EXERCISE BRIEF:
Everything in the listing should be copied exactly, save for the pictures.

PROVIDED DATA:
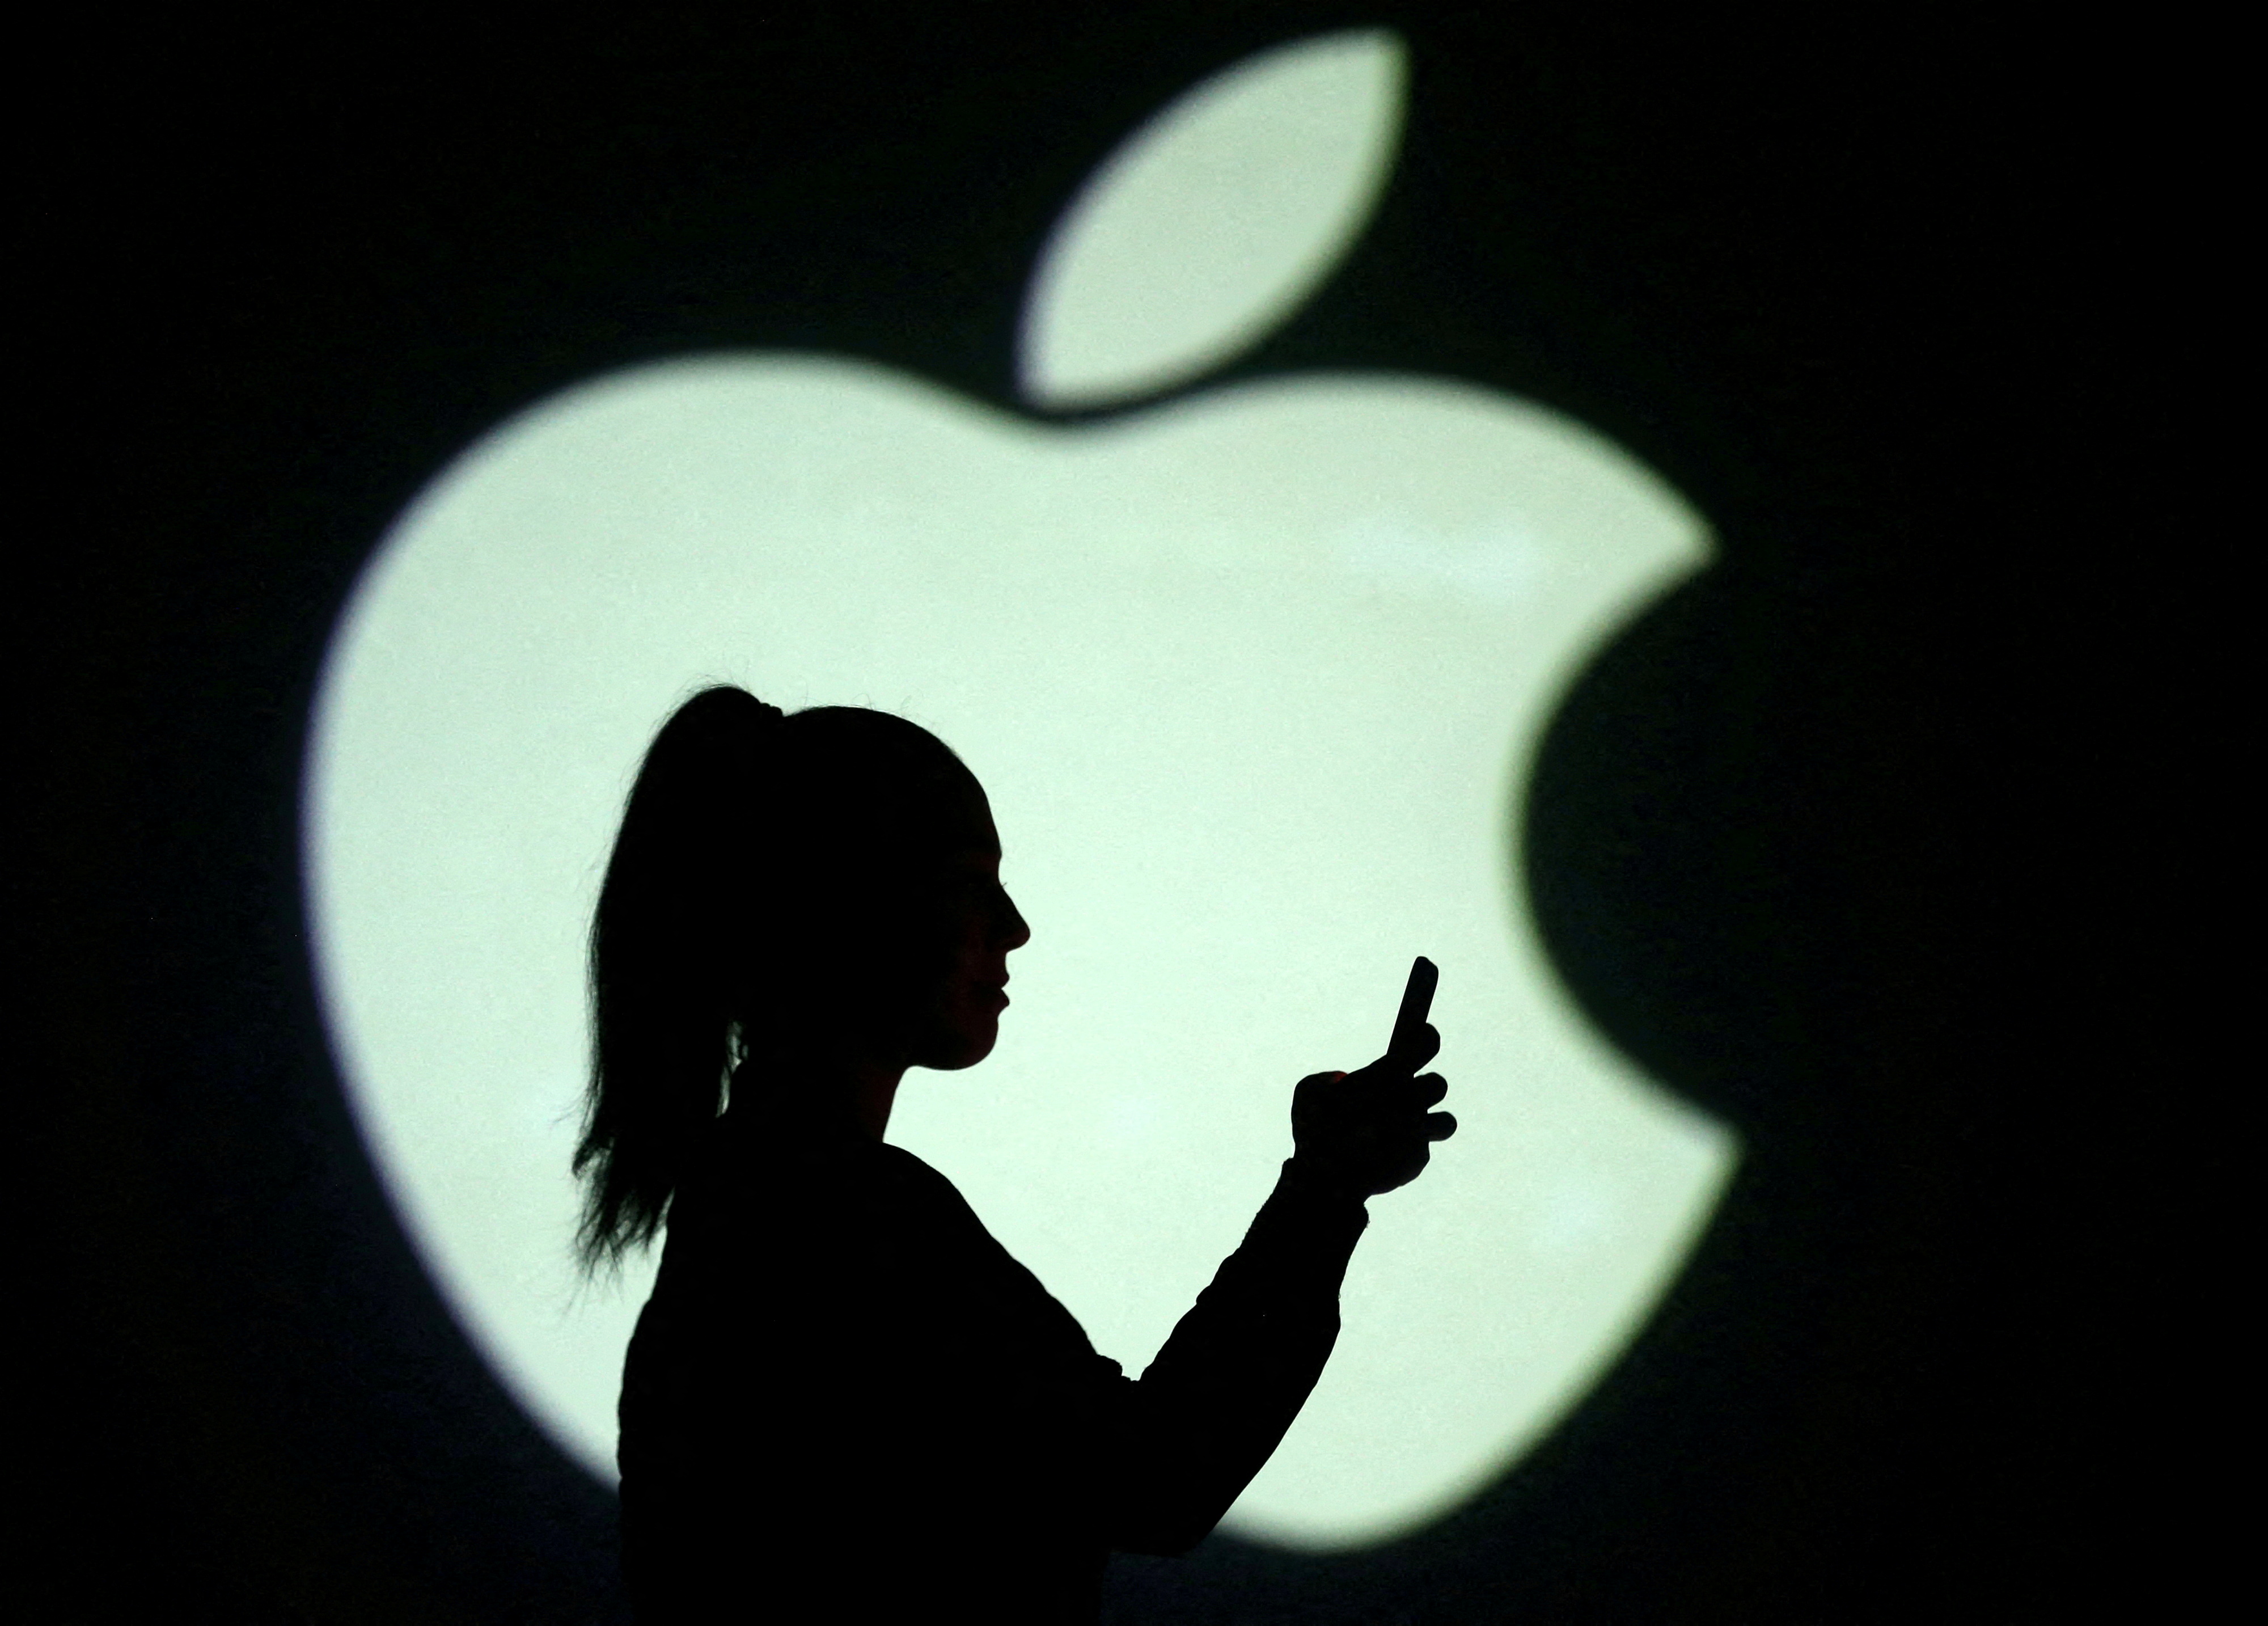 Paiement mobile : l'Union européenne s'attaque au monopole d'Apple Pay
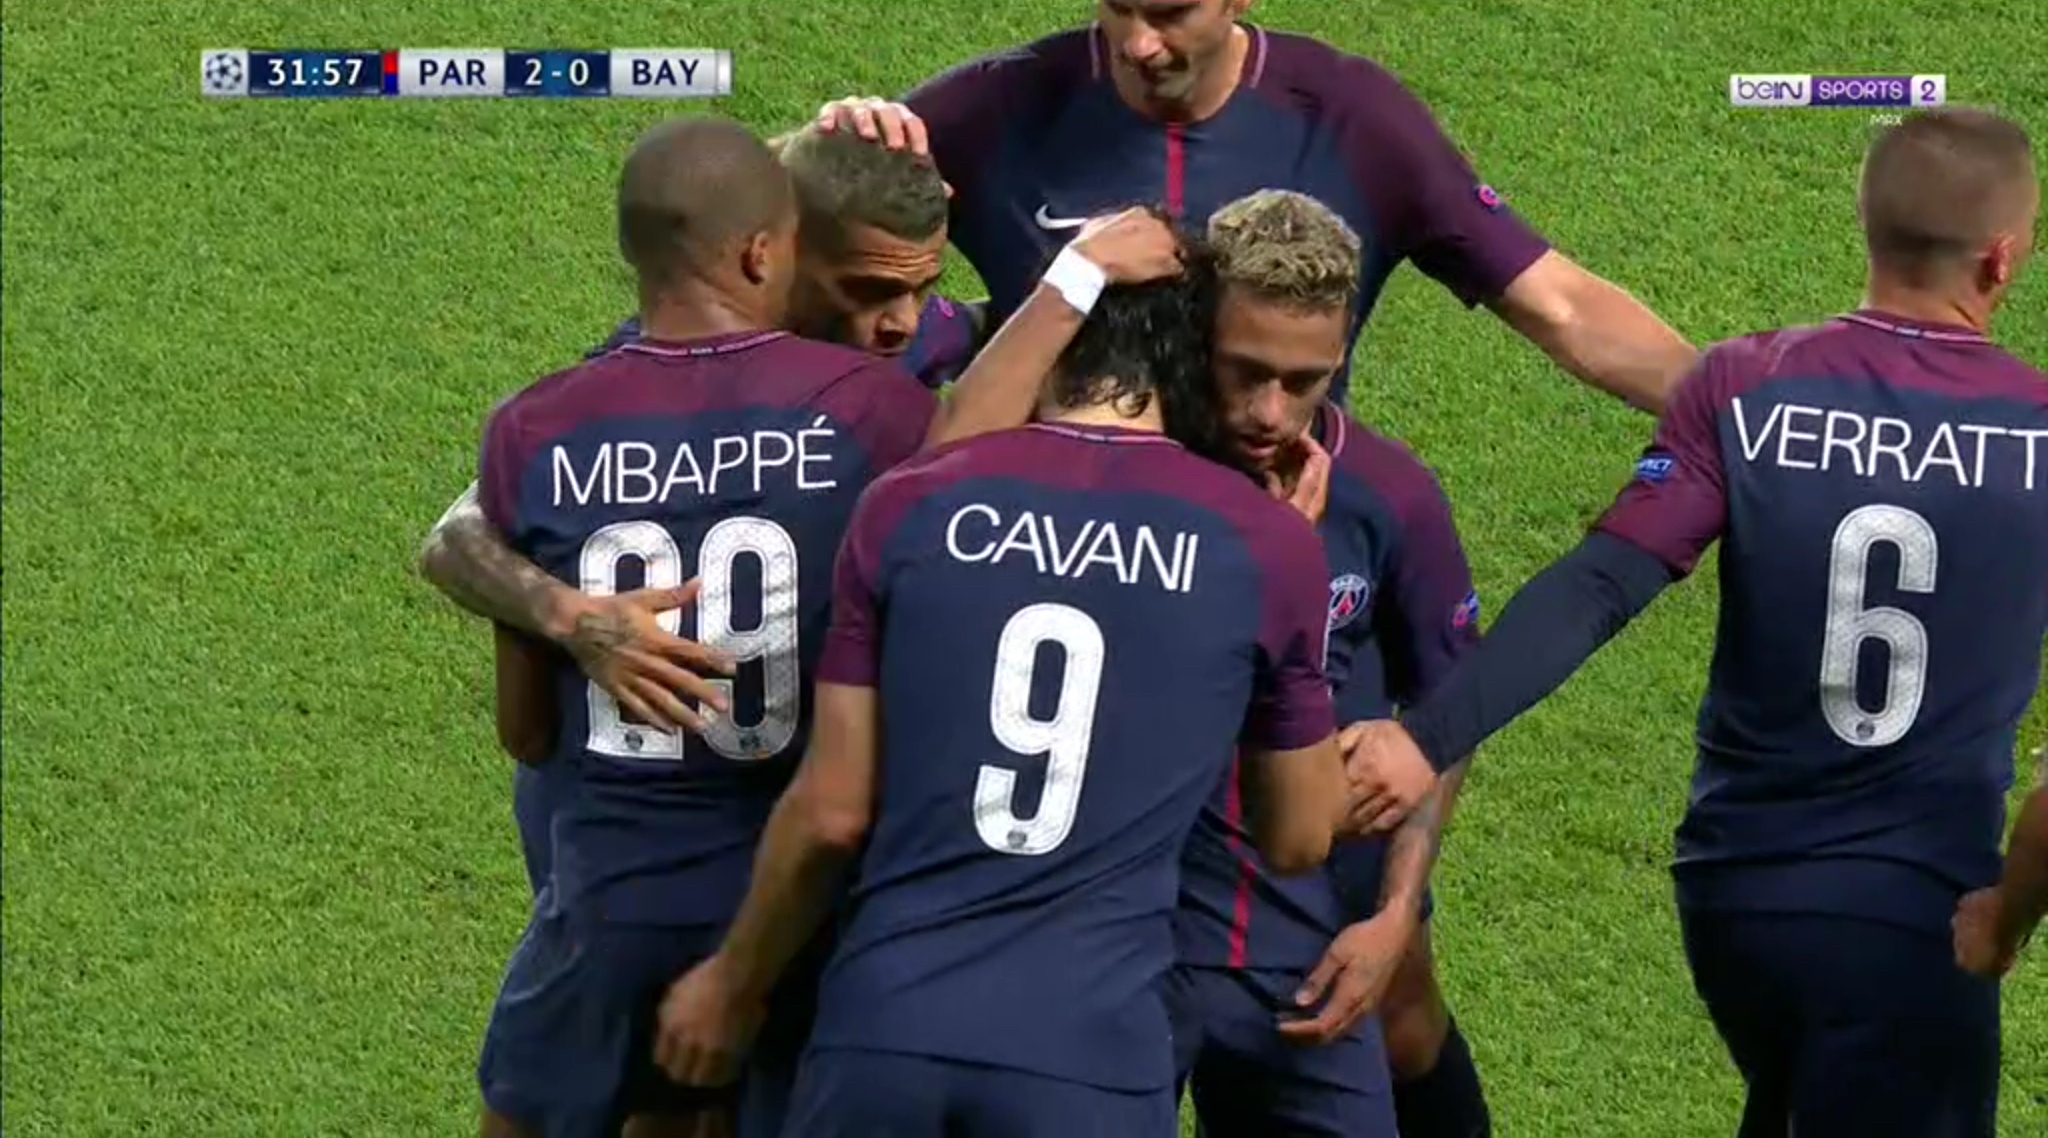 Imagen muy llamativa la de la celebración del 2-0. Cavani se fue a la banda, los jugadores fueron a felicitarle y Neymar se abrazó con Alves. El lateral le dijo algo y el delantero, aunque algo perezoso, fue a festejarlo con el uruguayo. Siguen los líos...
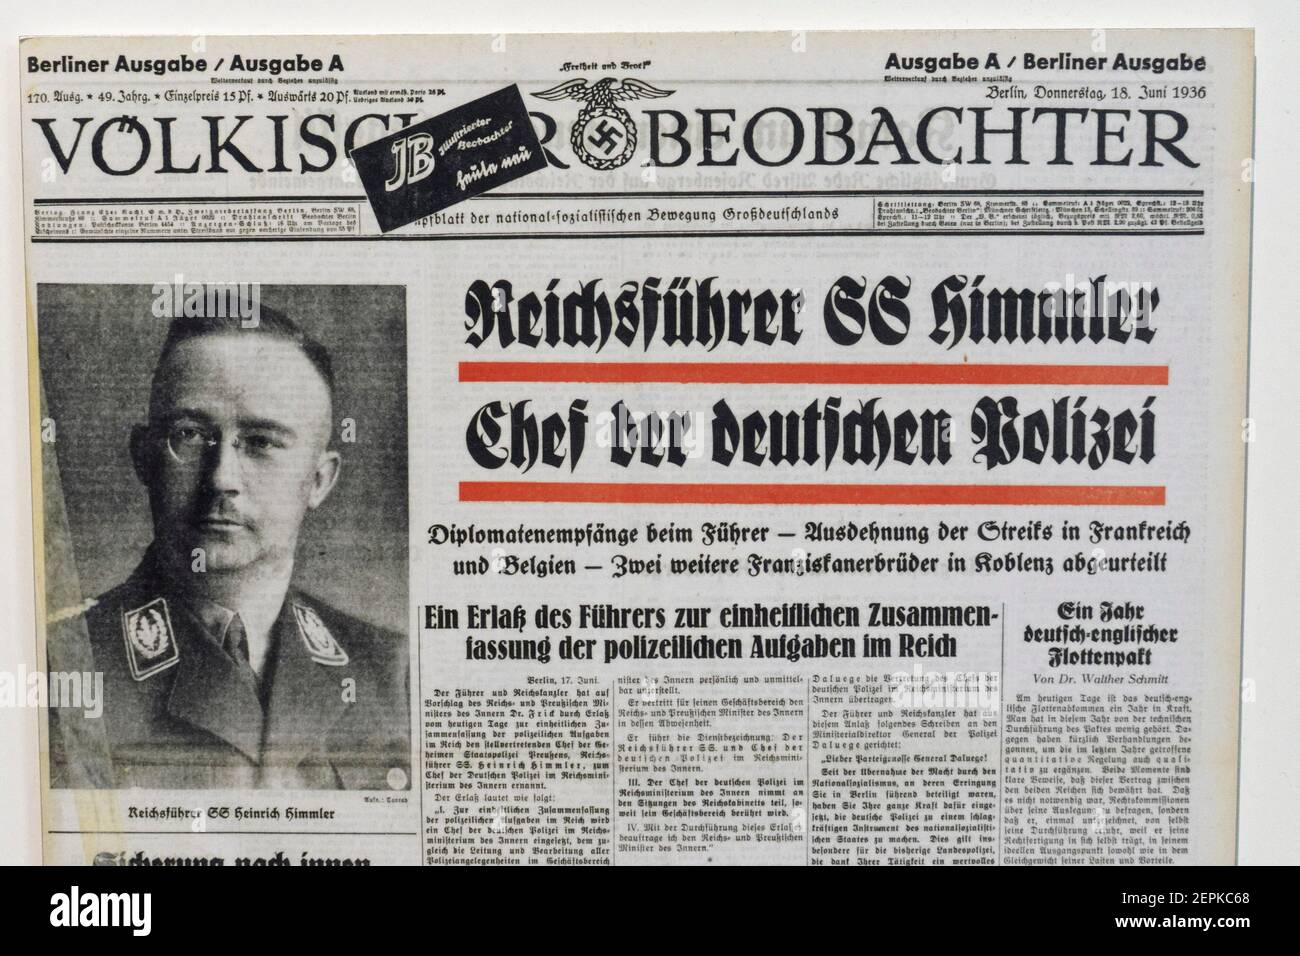 Der Volksische Beobachter offizielle nazi-Zeitung mit der Überschrift "Reichsführer SS Himmler ist Leiter der deutschen Polizei Stockfoto
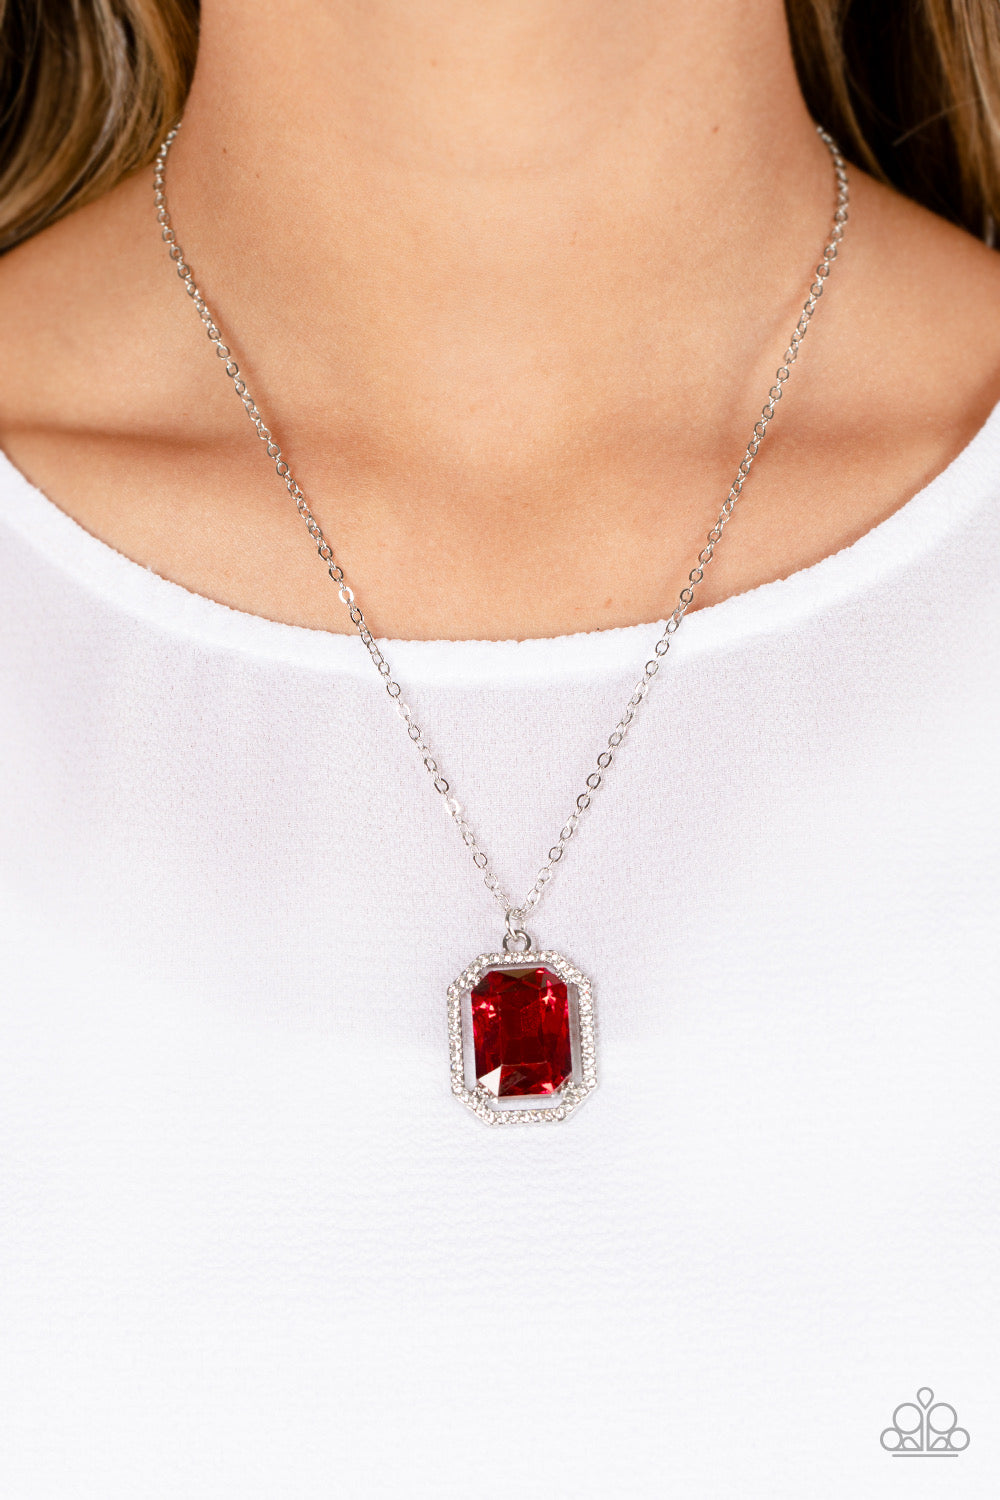 Red Necklace - Paparazzi Galloping Gala Paparazzi jewelry image

RESPONSE:
 Paiement mobile : l'Union européenne s'attaque au monopole d'Apple Pay
 Imagen muy llamativa la de la celebración del 2-0. Cavani se fue a la banda, los jugadores fueron a felicitarle y Neymar se abrazó con Alves. El lateral le dijo algo y el delantero, aunque algo perezoso, fue a festejarlo con el uruguayo. Siguen los líos...
 Der Volksische Beobachter offizielle nazi-Zeitung mit der Überschrift "Reichsführer SS Himmler ist Leiter der deutschen Polizei Stockfoto
 Red Necklace - Paparazzi Galloping Gala Paparazzi jewelry image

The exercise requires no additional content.